It seems that OAKDA’s effectiveness in Web research depends upon two factors – “aboutness”[27] and “availability” of the ontology information in its database.  First, the degree of the ontology's aboutness to the domain of interest determines the relevancy of the knowledge found in the ontology.  Terms with a high degree of aboutness do a better job of retrieving the body of information they reference.  Although measuring aboutness of retrieved OWL-DL data is not in the scope of this project, an ontology is meant to be definitional or descriptive of a domain and should be useful in aiding web search as long as the ontology is not misleading in its content.  Second, OAKDA relies on a presumption that an ontology exists in the users area of interest and that the ontology contains knowledge the researcher does not yet posses.

 

c.        lessons learned

            In completing this thesis, several lessons were learned.  The first was the realization that ontology development is a non trivial endeavor.  Developing an ontology requires domain expert knowledge in addition to a complete understanding of the ontology language syntax and semantics.  Although the level of domain knowledge required is contingent on the scope and level of detail of the ontology, having an in-depth knowledge of the domain concepts and their relationships allows the developer to accurately capture the semantics and relationships between classes.  Due to the inherent level of latitude in representing type/class hierarchy in concept modeling, no two subject-matter experts (SMEs) will design an ontology of a given domain in an identical manner.  Depending on the domain of context, there is usually a significant degree of subjectivity in specifying class definitions and relationships, with no absolute superiority of one particular schema over another.  Also, inconsistencies are easily introduced when creating a class hierarchy of an ontology.  Development tools, such as Protégé and Racer, help mitigate these errors by providing services to verify the validity and consistency of the ontology.  By performing consistency checks on the ontology at various stages of its development, it was possible to find and correct classification errors or inconsistencies in class definitions.

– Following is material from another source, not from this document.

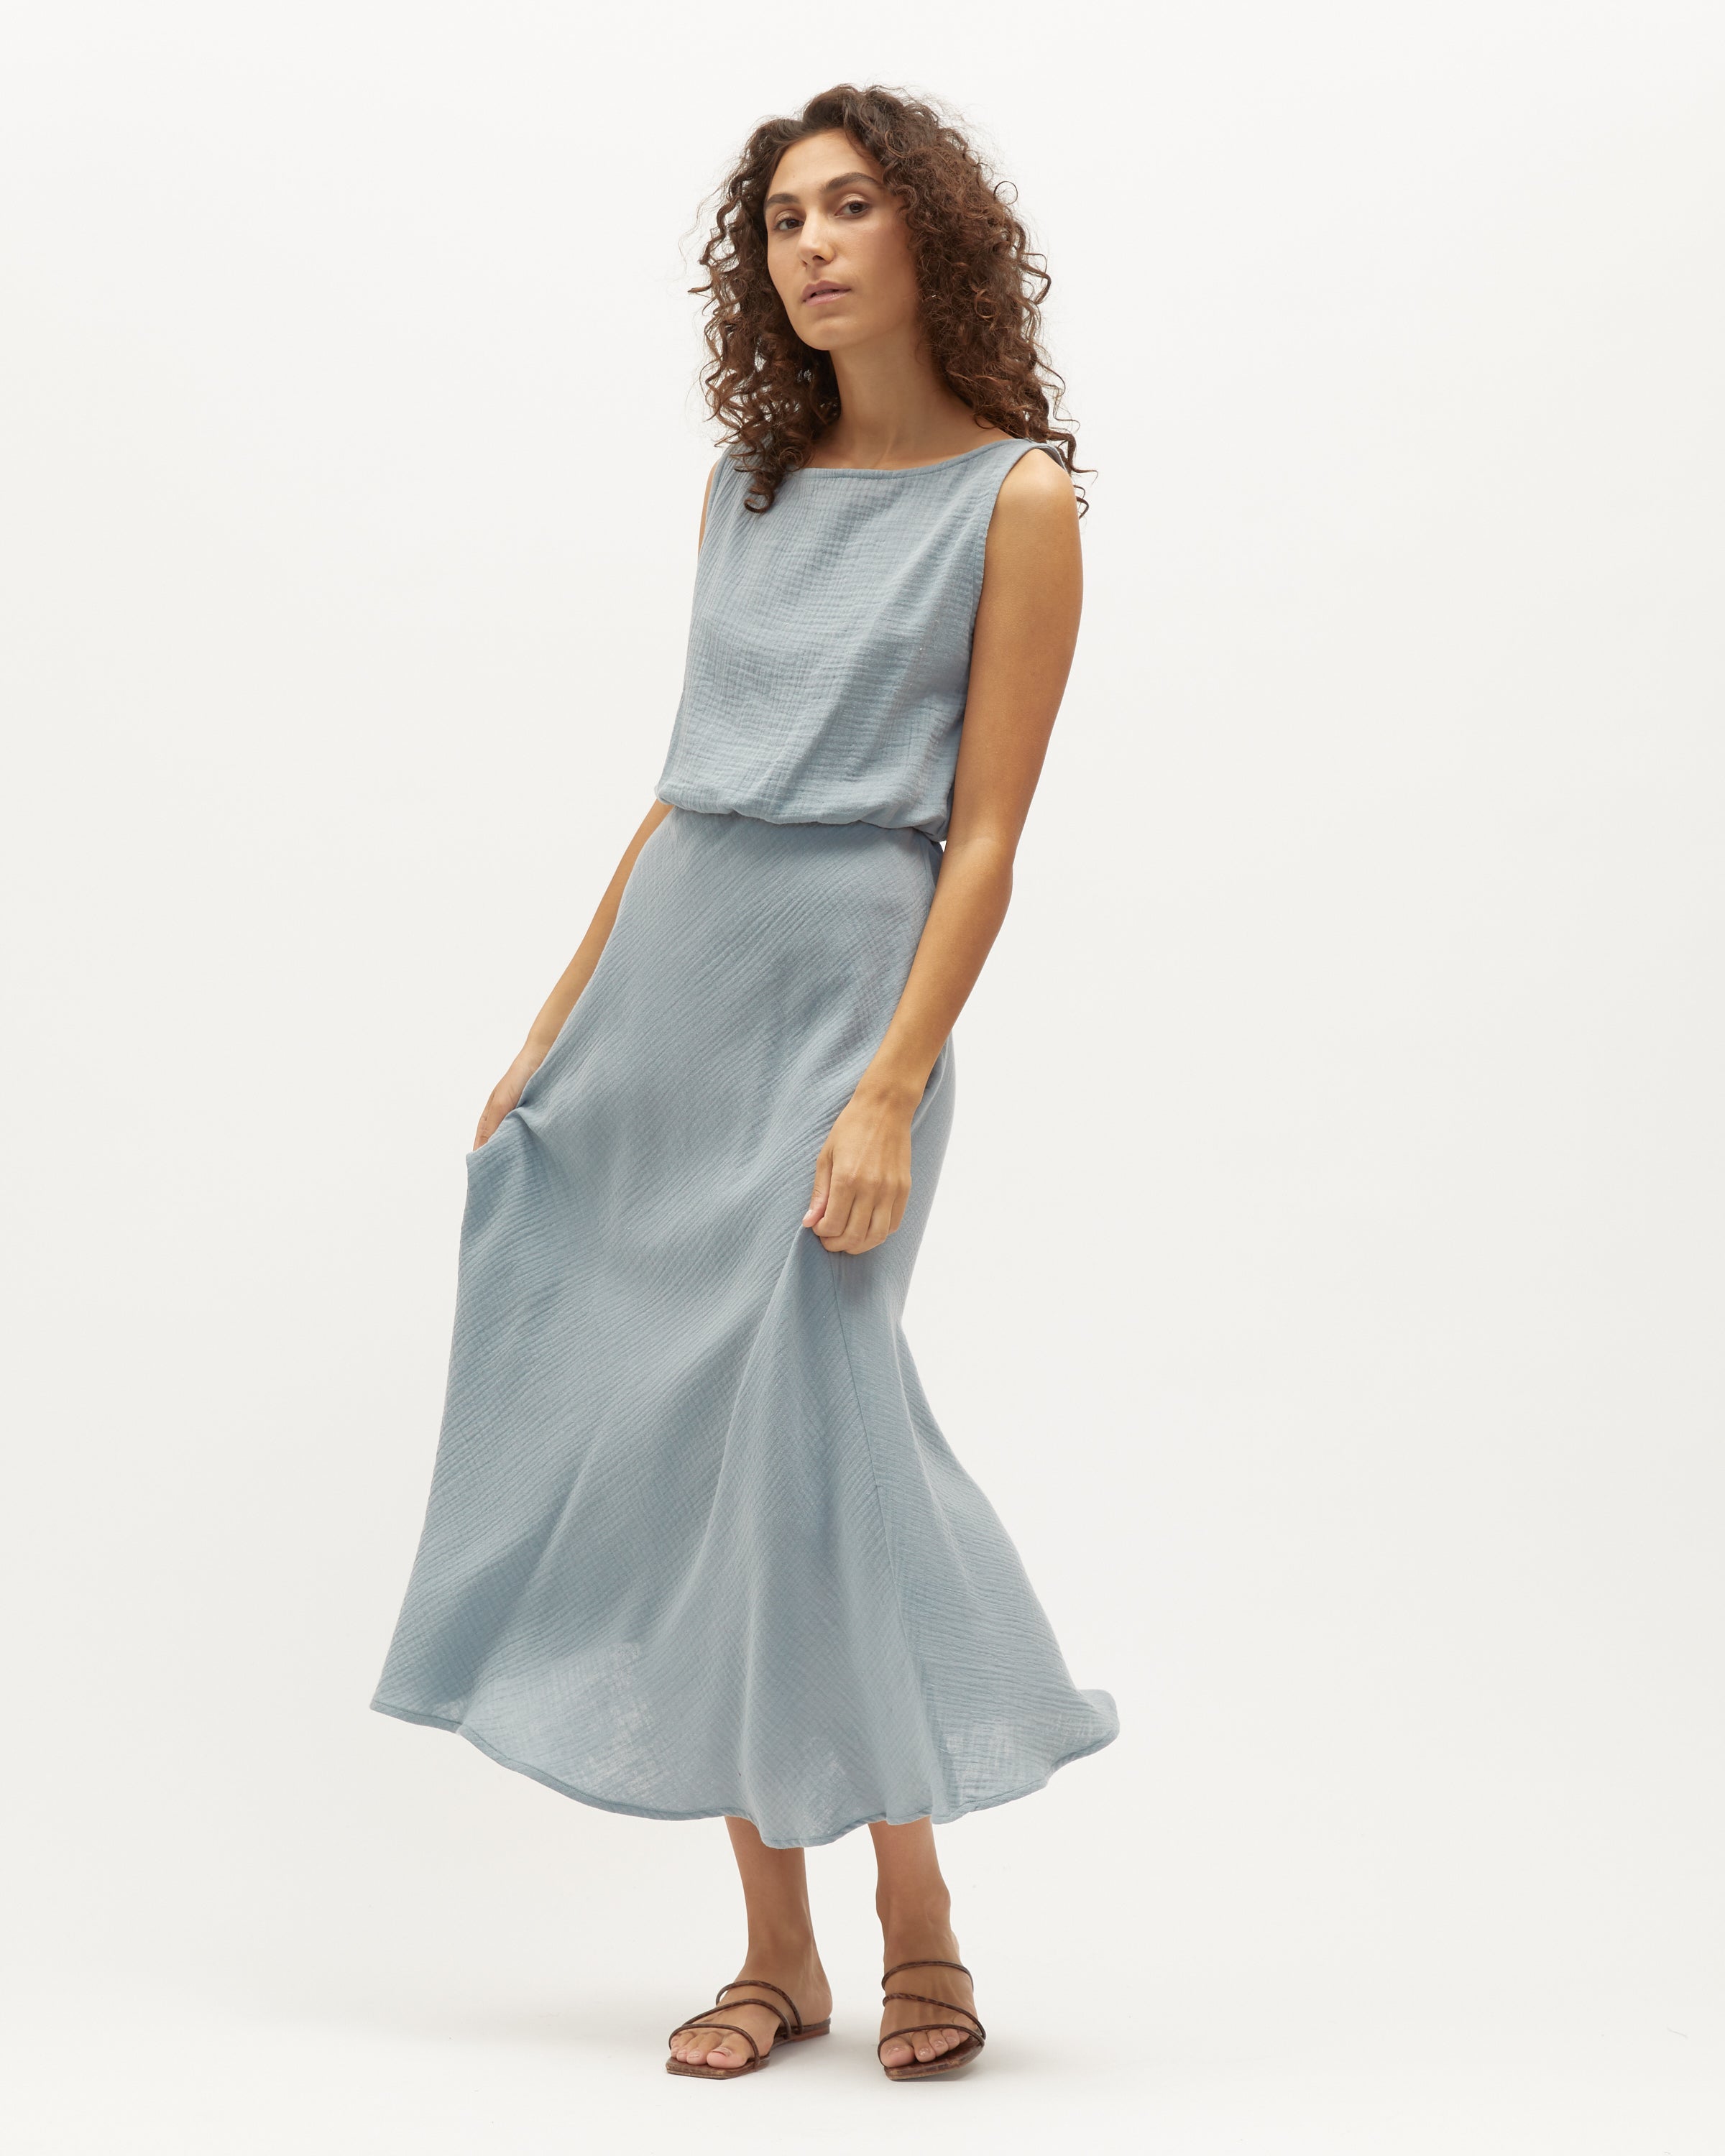 Wray Dress | Seafoam $269

A second lesson was learned during the experiment conducted to measure the effectiveness of the OAKDA application.  The Swoogle[28] project, funded by the University of Maryland, Baltimore, is a vast searchable repository of indexed OWL and RDF ontologies.  Swoogle uses automated Web crawling techniques similar to those employed by the major Web search portals to find available ontologies out on the Web.  Swoogle differs from other search portals in that it only seeks RDF and OWL Web content.   Swoogle was searched extensively for OWL ontologies to be used for the experiment, but none found to suitable because of their structural attributes, content or both.  Instead, those ontologies had to be developed by the thesis authors.  It may be that in some circumstances, ontologies need to be structured in particular ways suited to how they are being used.

 

d.        Future work

Currently the OWL database in OAKDA is too limited to provide usability outside of the bounds of experiment.  In order for an application like OAKDA to have wide popularity as a research tool, there would need to be a repository of appropriately structured ontology files with an encyclopedic breadth.  This scenario is at this time not likely to come about.  OAKDA represents a departure from many other proposed uses of ontology data in that much previous work has been to try to leverage ontologies to enhance machine capabilities.  OAKDA seeks to enhance the research facility of the human user.  Future efforts that would be able to draw from the technologies exhibited in OAKDA might be graphical visualizations of ontologies geared to aid navigation to related information recomposed as an ontology.  For example, suppose someone developed an ontology about a library catalog.  A web site of the library’s catalog could show a navigation graph depicting the kinds of relationships between related reference materials.  Another usage might be based on an ontology that describes the relationships between class files, function points, variables, etc in a grouping of programming code.  A visualization of this ontology could give a team of developers an easy way to navigate the structure of program and quickly learn its topology.  Because of the regularity of computer programming syntax, the ontology might be able to be regenerated from the code base as changes are made.

 

e.         Conclusions

OAKDA was built as project to explore the methodologies for accessing and processing OWL-DL ontologies in a framework which attempts to leverage domain data to enhance Web search queries.  OAKDA successfully integrated several components capable of performing these operations.  OAKDA’s architecture demonstrates one of a few possible frameworks for attaining a Semantic Web enabled application.  OAKDA overcame challenges in implementing a system to perform both machine processing and human interaction with Semantic data.  OAKDA demonstrates the feasibility of these technologies and could serve as a baseline for other types of Semantic Web applications that require similar functionality. 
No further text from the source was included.